Among the leading names for the future Pope mentioned in the Western press are Timothy Dolan, Sean O’Malley, Angelo Scola, Odilo Scherer. Our own cardinal Malcolm Ranjith has also been mentioned as having an outside chance. Would the appointment of Malcolm Ranjith give the Papal apology earlier given over 100 times? How does he compare with recent popes?

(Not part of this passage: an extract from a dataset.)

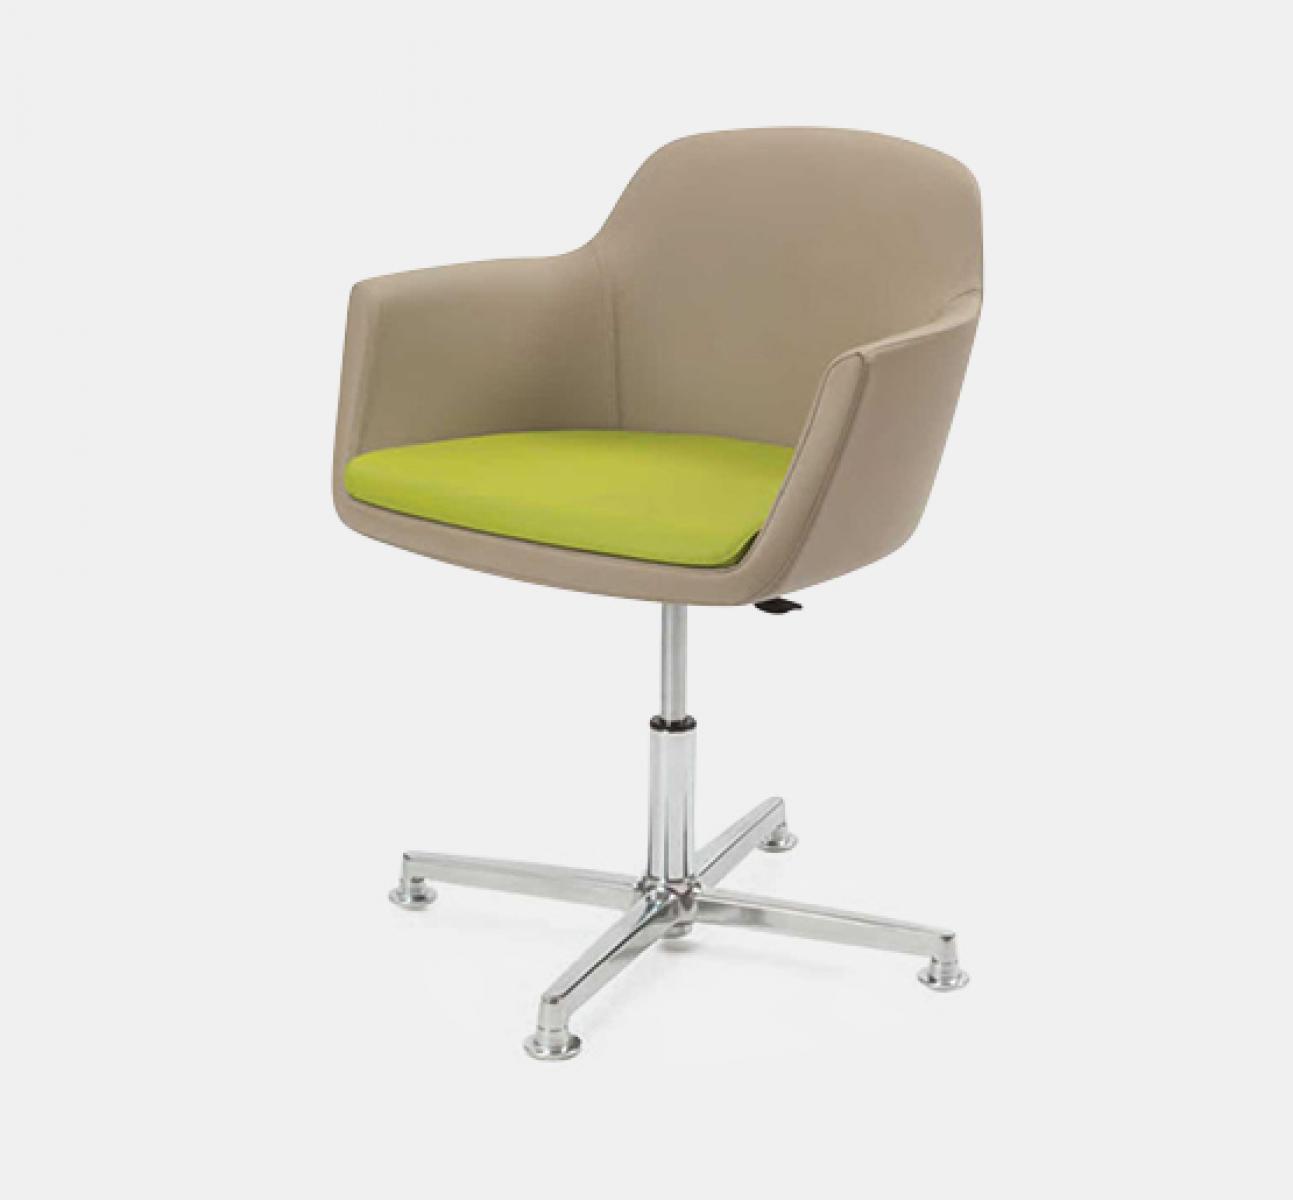 Signora Chair

The second Vatican Council brought local practices to Sri Lanka. But in one of the first acts of Malcolm Ranjith on being appointed archbishop of Colombo in 2009, he “banned lay preachers and banished cultural practices borrowed from other religions from Sri Lanka’s Roman Catholic Church” - a retrograde step from Vatican Council aspirations. And instead of acknowledging the major destruction of Buddhist sites by Vatican-inspired Portuguese acts which required centuries later to bring our higher ordination from Siam and Myanmar, Ranjith wanted to remove teaching of that destruction from Sri Lankan school texts. The Portuguese priests who documented that destruction would have been amused. This was like the charge against some European clergy that they were denying the Jewish holocaust.

Western press

And what would be Malcolm’s stand be against the massive exposure in the Western press of molesting priests. We have Malcolm’s own words as published by the Vatican website on Asia asianews.it. Malcolm expressed “solidarity and support” for the retiring Pope over the paedophilia scandal and to express “communion with the Pope and the Church”. Malcolm called for “Sri Lanka Catholics to pray for Benedict XVI and his intentions” and he slammed the messenger of bad news, saying it was “an organised and malicious attack by international media”.

Incidentally, the Vatican website asianews.it has under it the banner “Asia our common task for the third millennium by John Paul 11”. This repeated John Paul 11’s message to convert Asia to Catholicism. Almost all of Asia was once influenced by Buddhism. And what did this late John Paul 11 think of Buddhism. In his important book Crossing the Threshold of Hope, Pope singled out Buddhism for a major attack because it did not believe in a creator pointing out also that in the West Buddhism was gaining ground.

The Vatican correspondent for Il Messaggero, a leading Italian paper said “We need a new era in the Church”. Malcolm Ranjith, may be our man but, as the Western press labeled him, he was of the unreformed,very old guard. Il Messaggero had several different preferences, most notably Boston Archbishop Cardinal Sean O’Malley. Put your bets.